27. A method of controlling a circuit having more than one state using an accurate oscillator and an inaccurate oscillator comprising the steps of:
operating the circuit in an active mode;
generating a standby mode signal using the inaccurate oscillator;
switching circuit operation to a standby mode based on the standby mode signal;
generating an active mode signal using the inaccurate oscillator;
switching to the active mode; and
calibrating the inaccurate oscillator based on the accurate oscillator.
28. The method of claim 27 wherein the standby mode signal is generated by the steps of:
charging a capacitor with one or more current sources;
comparing the voltage on the capacitor to a threshold voltage using a voltage comparator circuit;
using the comparator circuit output to generate the standby mode signal; and
discharging the capacitor when the standby mode signal is generated.
29. The method of claim 27 wherein the step of calibrating the inaccurate oscillator comprises the steps of:
counting the number of oscillations by the accurate oscillator during a time period depending on the actual oscillations by the inaccurate oscillator and generating a comparison value;
comparing the counted number of oscillations with a stored target value and generating a comparison value based on the difference; and
enabling more or less current sources based on the comparison value.
30. In a circuit having a frequency stable oscillator producing a first signal and a frequency instable oscillator producing a second signal, a method of producing a frequency stable oscillation signal comprising:
continuously operating the frequency instable oscillator;
starting the frequency stable oscillator;
comparing the first signal to the second signal and generating calibration signals based on the comparison;
calibrating the frequency instable oscillator using the calibration signals.
31. The method of claim 30 further comprising stopping the frequency stable oscillator.
32. The method of claim 30 wherein generating calibration signals comprises:
counting the number of oscillations of the first signal during a time period measured by the second signal; and
comparing the counted number of oscillations with a stored target value and generating a frequency control signal based on the comparison.
33. A control circuit comprising:
a frequency-stable main oscillator having a frequency-stable output;
a frequency-inaccurate, adjustable oscillator having a frequency instable output;
a comparison circuit coupled to both the main oscillator and the adjustable oscillator and structured to compare the frequency stable output to the frequency instable output; and
a calibration circuit coupled to the comparison circuit and to the adjustable oscillator and structured to calibrate the adjustable oscillator to adjust the frequency instable output.
34. The control circuit of claim 33 further comprising:
a wake-up circuit coupled to the adjustable oscillator for generating a wake-up signal, based on the frequency instable output.
35. The control circuit of claim 34 wherein the comparison circuit operates only in a wake-up period following the wake-up signal.
36. The control circuit of claim 35 wherein the wake-up period is 1 ms.
37. The control circuit of claim 33 wherein the adjustable oscillator comprises:
a plurality of current sources that each supply an amount of current responsive to the state of a respective plurality of switches; and
a capacitor coupled to the current sources that is charged by the current sources and is discharged responsive to a controlled switch.
38. The control circuit of claim 37 wherein the adjustable oscillator further comprises:
a current source that is always sourcing current to the capacitor.
39. The control circuit of claim 37 wherein the adjustable oscillator further comprises:
a comparator coupled to the capacitor, the comparator having an output coupled to the controlled switch.
40. The control circuit of claim 39 wherein the output of the comparator is an output of the adjustable oscillator.
Description
TECHNICAL FIELD

The invention relates to a control circuit through which electrical means can be controlled and the operating states thereof can be monitored.

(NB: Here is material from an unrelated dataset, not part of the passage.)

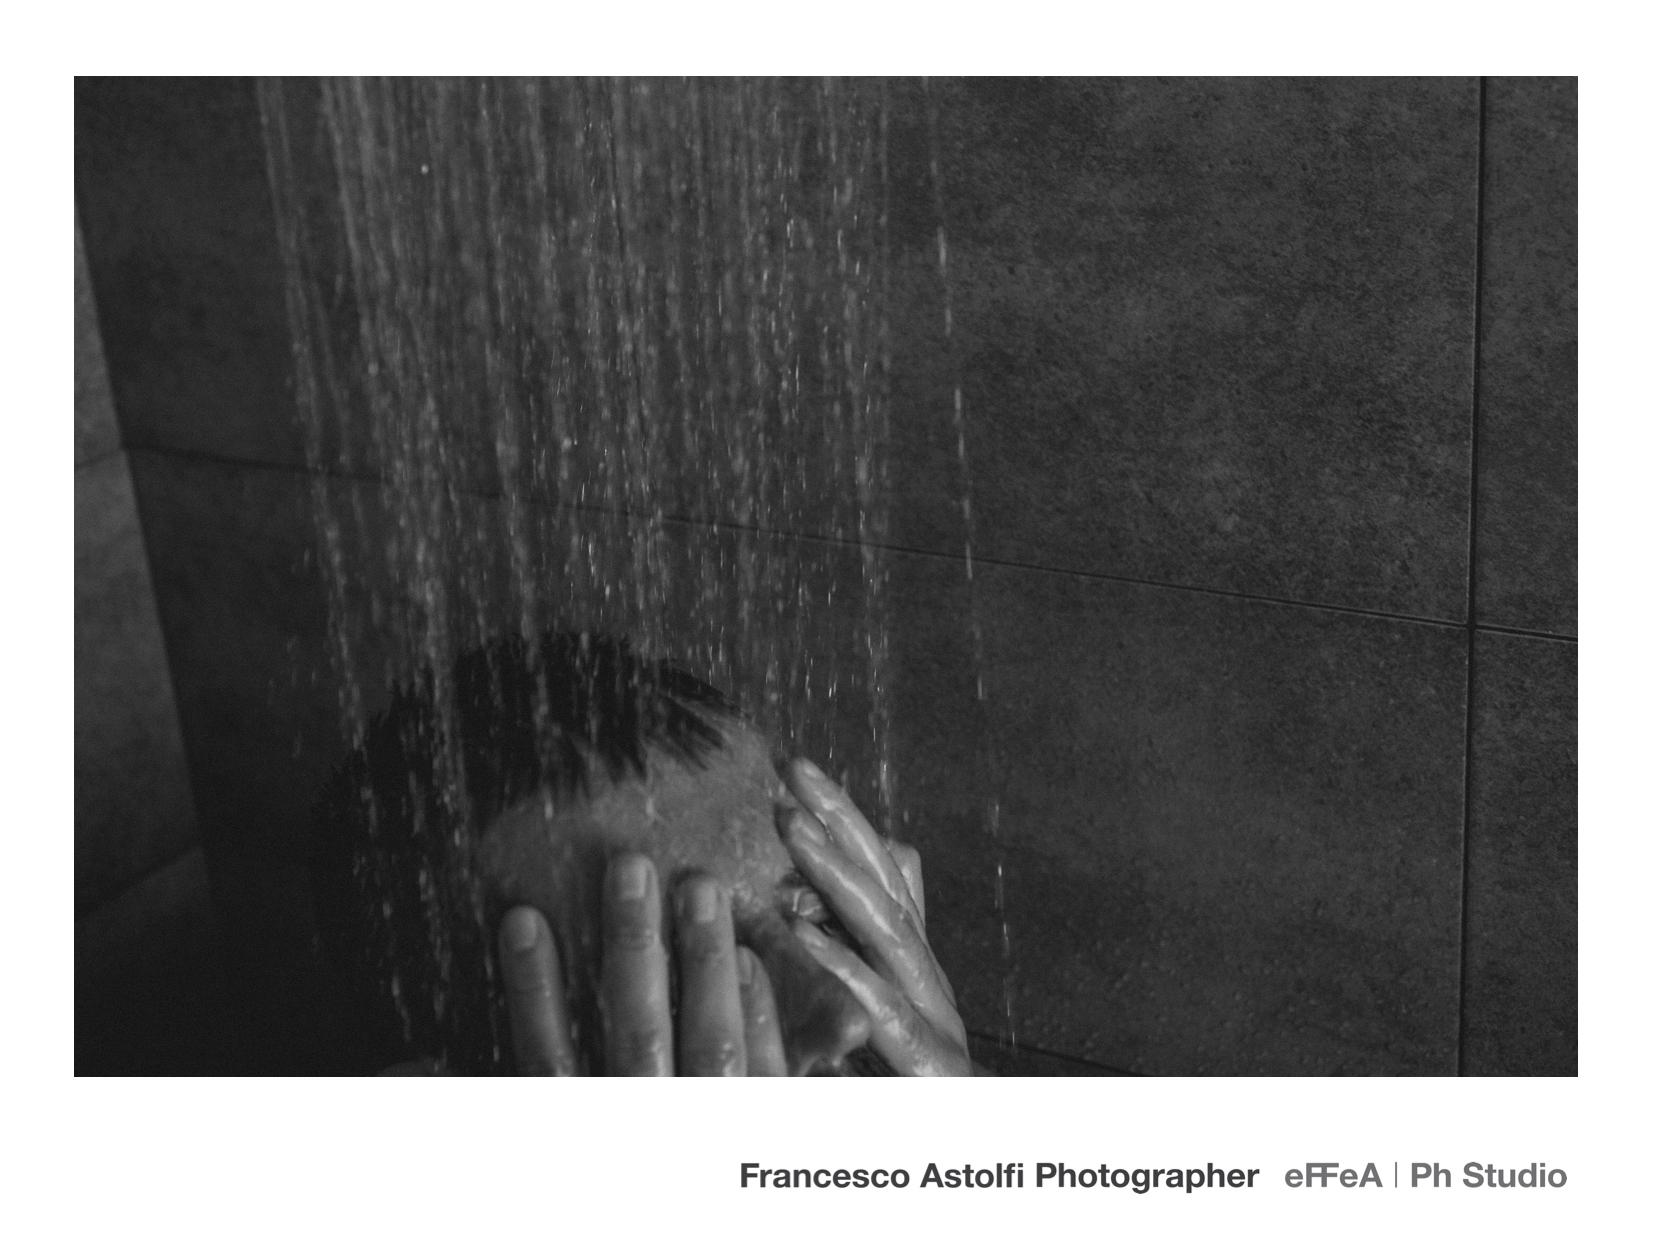 008 - ANDREA S. - Photo by Francesco Astolfi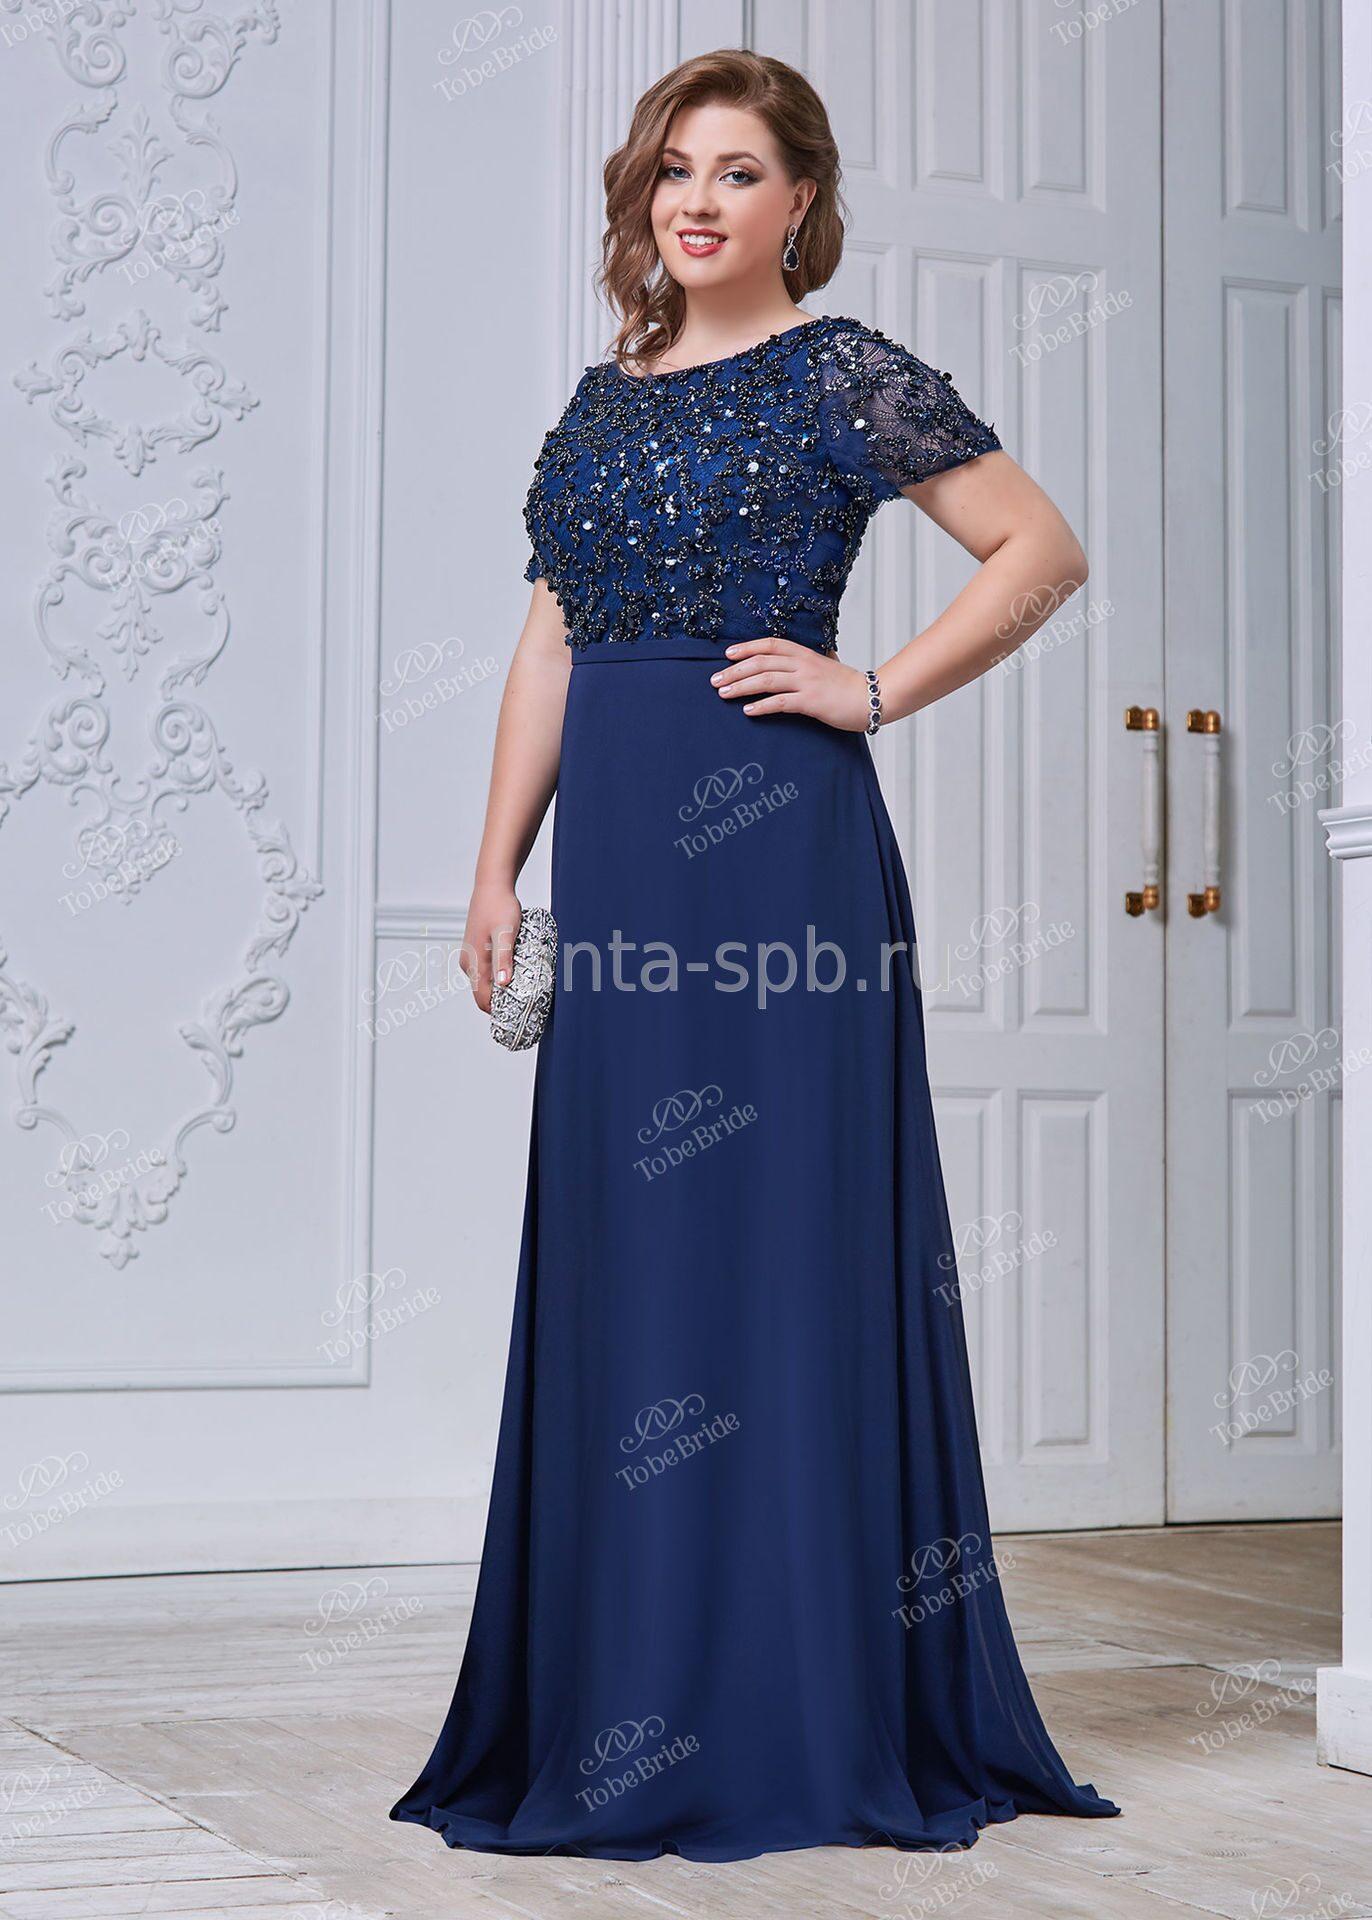 Платья вечерние фото 50 размера

BACKGROUND OF THE INVENTION

Such a control circuit is used, for example, for controlling and monitoring a central locking means of a motor vehicle. Such a control means can be used quite generally for controlling and monitoring a so-called automatic state apparatus which is capable of producing a predetermined number of states, changes from one state to another state on the basis of actual states and input variables and produces output signals in doing so.

DE 42 21 142 A1 discloses a central locking system for a motor vehicle, comprising a transmitter incorporated in a door key and a receiver accommodated in the motor vehicle. By means of the transmitter, a code is transmitted that is decoded by the receiver and causes actuation of the central locking system when the correct code has been transmitted. Transmitter and receiver thus constitute a remote control means. For permitting the latter to operate selectively either with radio frequencies or with light frequencies, there are provided on the transmitter side both an HF oscillator and a light wave oscillator whose HF carrier and light wave, respectively, can each be modulated with the code word on the transmitter side, and on the receiver side there are provided both a HF detector and a light wave detector whose output signals are fed to a common decoder means.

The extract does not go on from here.